**INSTRUCTIONS TO FOLLOW**. Copy nothing but the lines running from the one containing "Salomon Salomon SPK" through the end of the listing below. Drop the pictures.

**GIVEN DATA**.
BEGIN

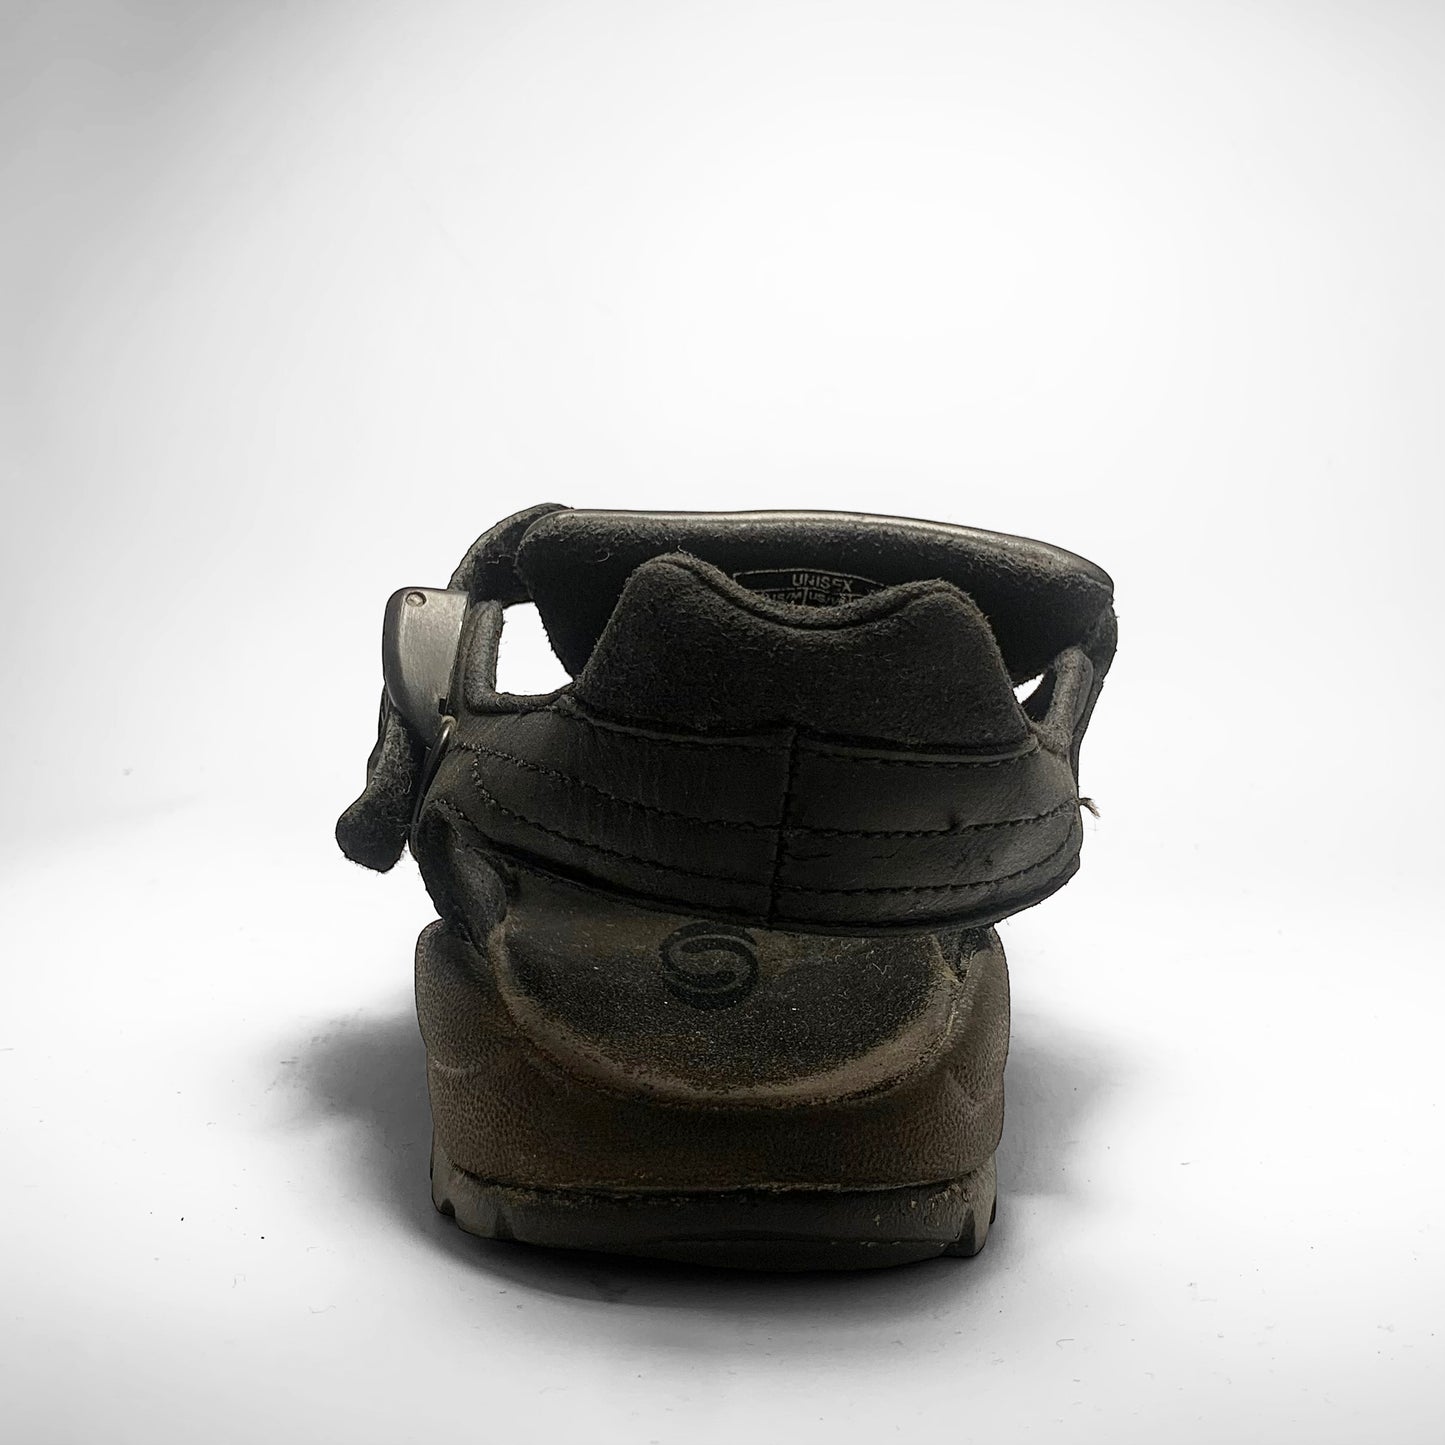 Salomon Habana Leather Sandals (2000s)
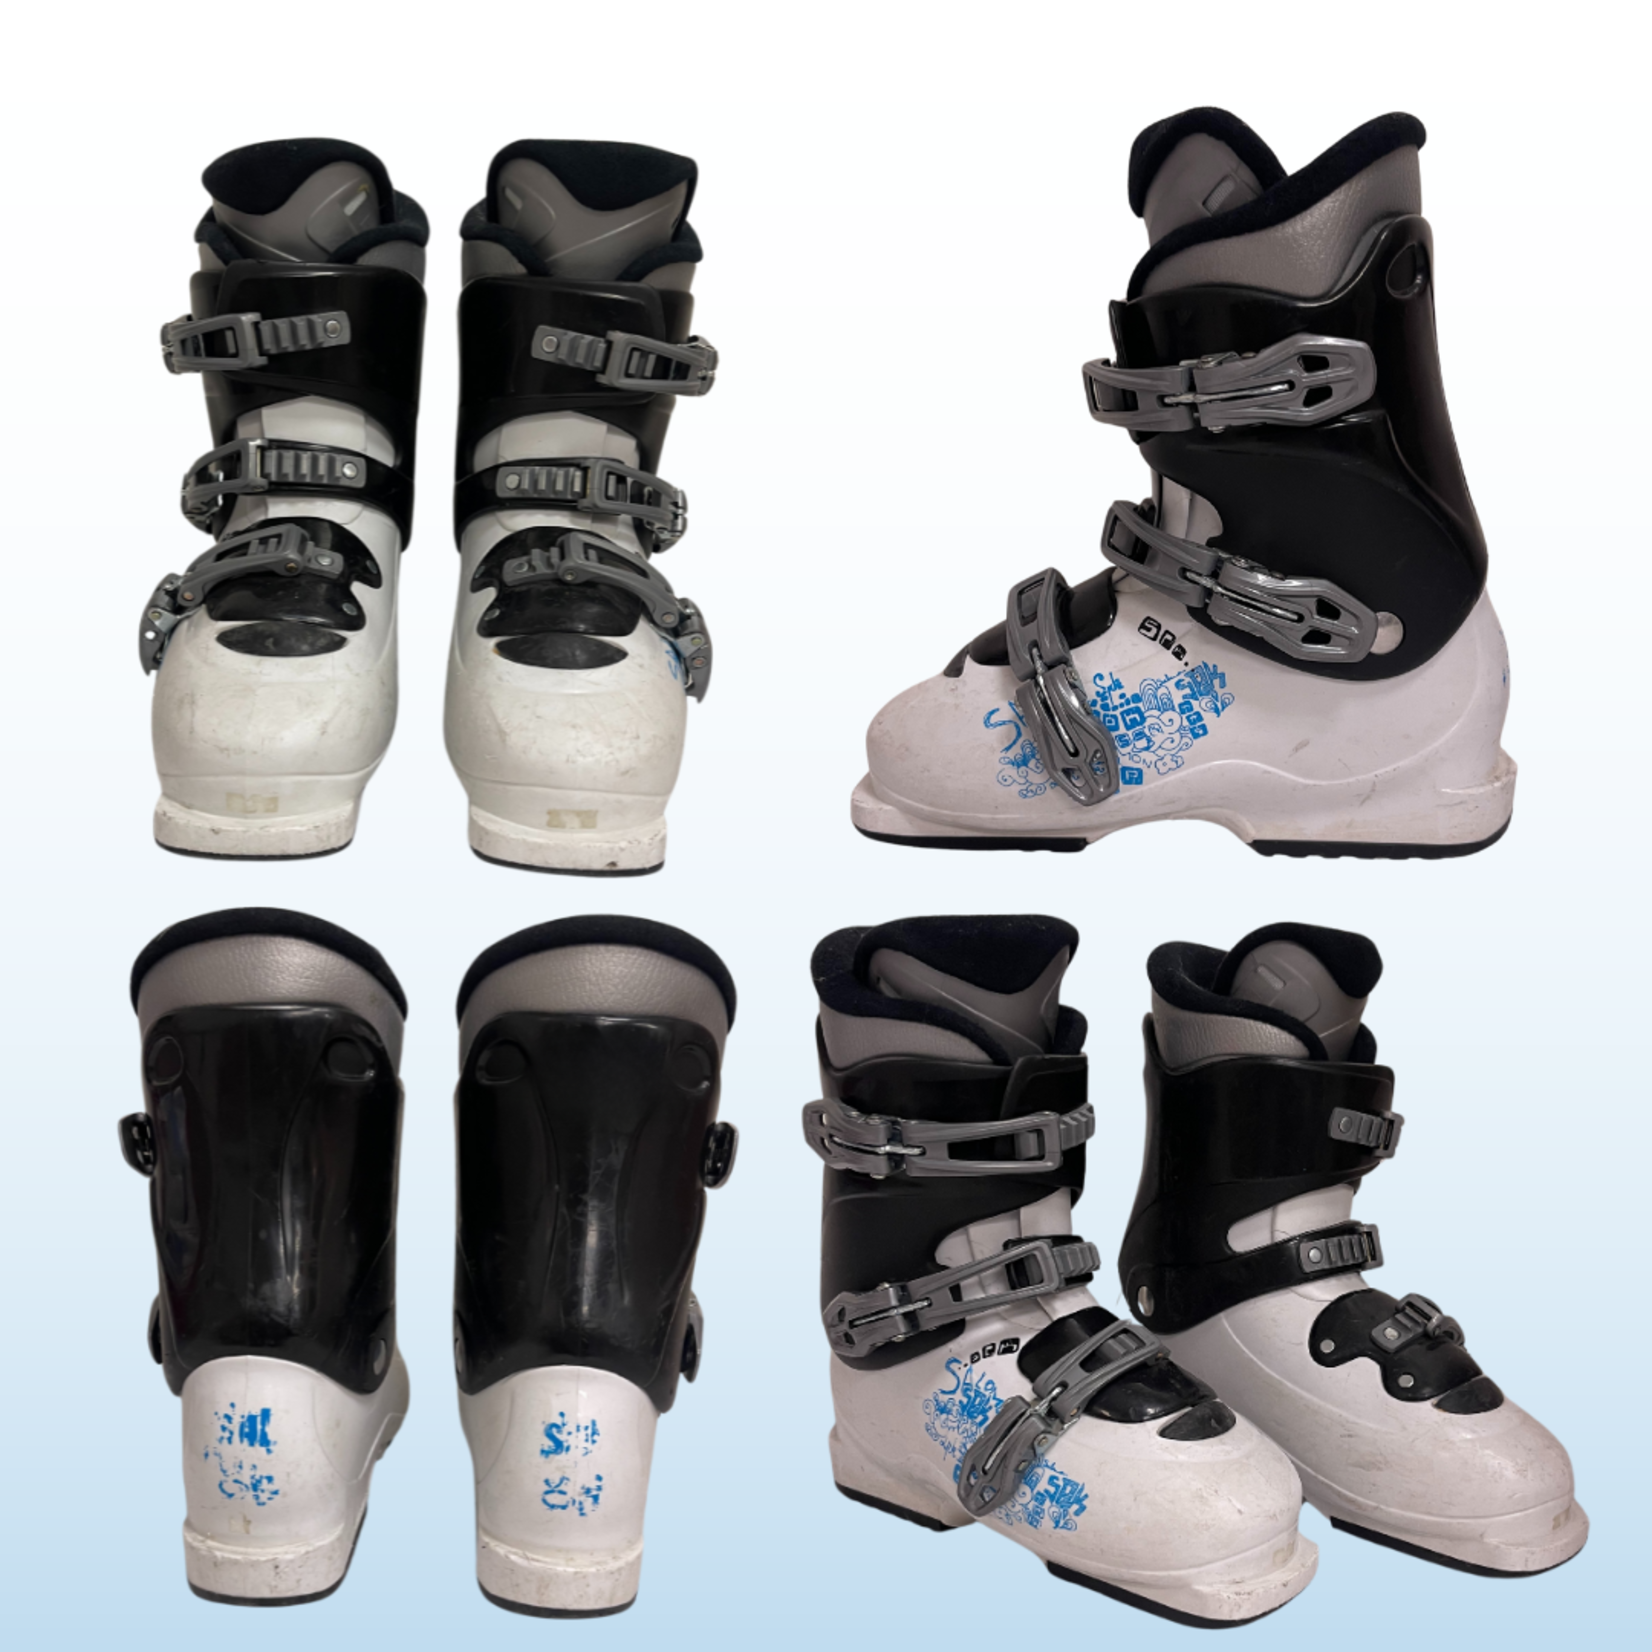 Salomon Salomon SPK Kids Ski Boots, Size 23.5
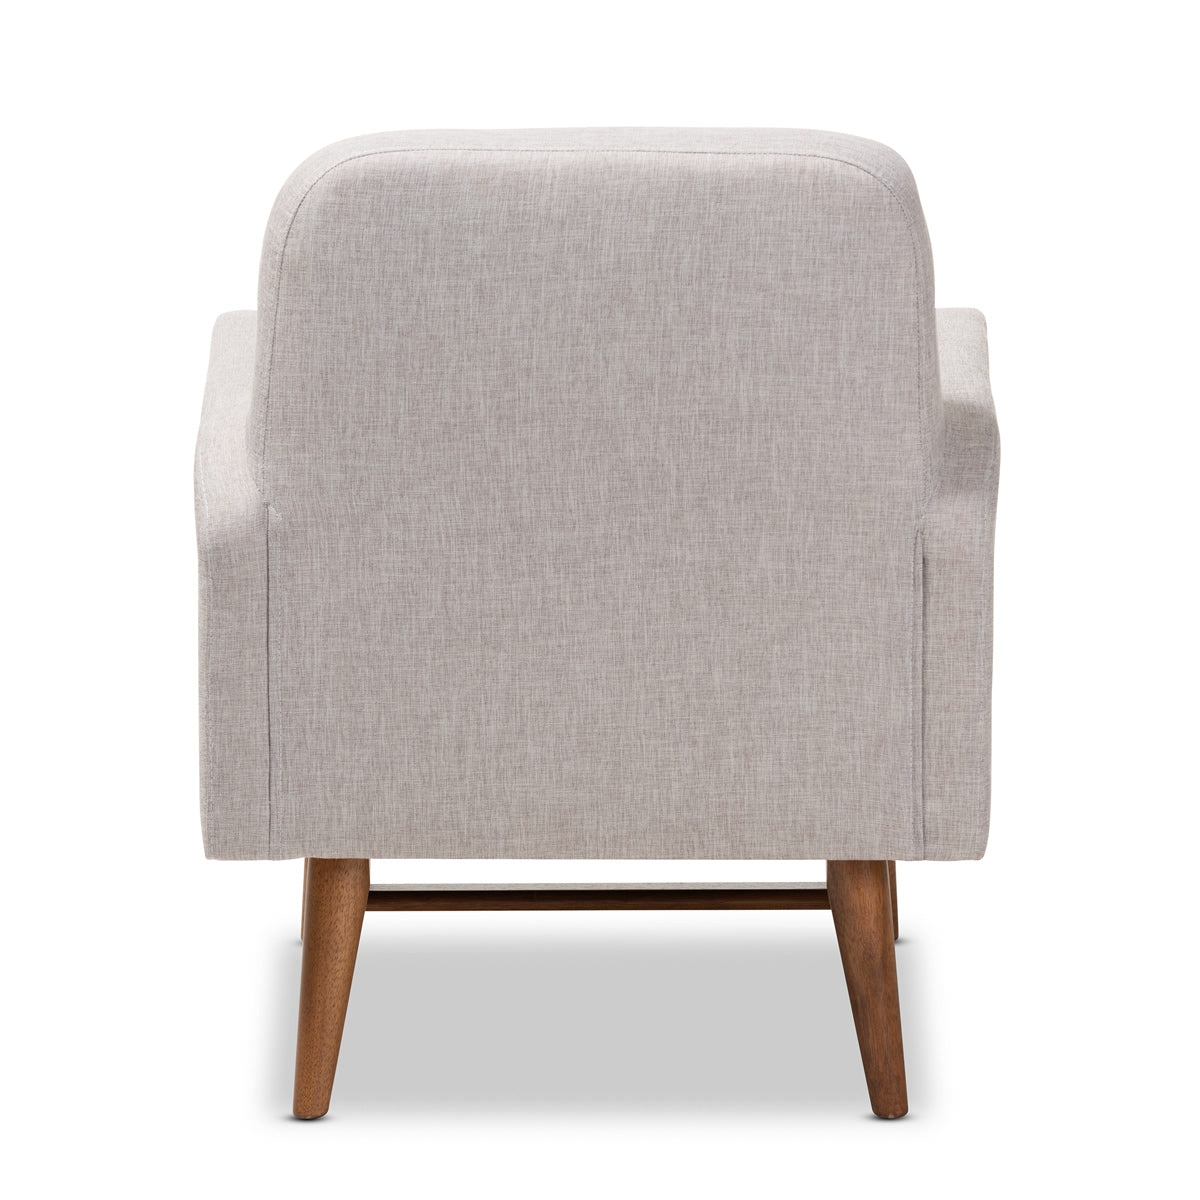 Baxton Studio Perrine Mid-Century Modern Greyish Beige Fabric Upholstered Walnut-Finished Wood Lounge Chair Baxton Studio-chairs-Minimal And Modern - 4

END

**RESULT FOR THIS EXERCISE**.
 Salomon Salomon SPK Kids Ski Boots, Size 23.5
 Baxton Studio Perrine Mid-Century Modern Greyish Beige Fabric Upholstered Walnut-Finished Wood Lounge Chair Baxton Studio-chairs-Minimal And Modern - 4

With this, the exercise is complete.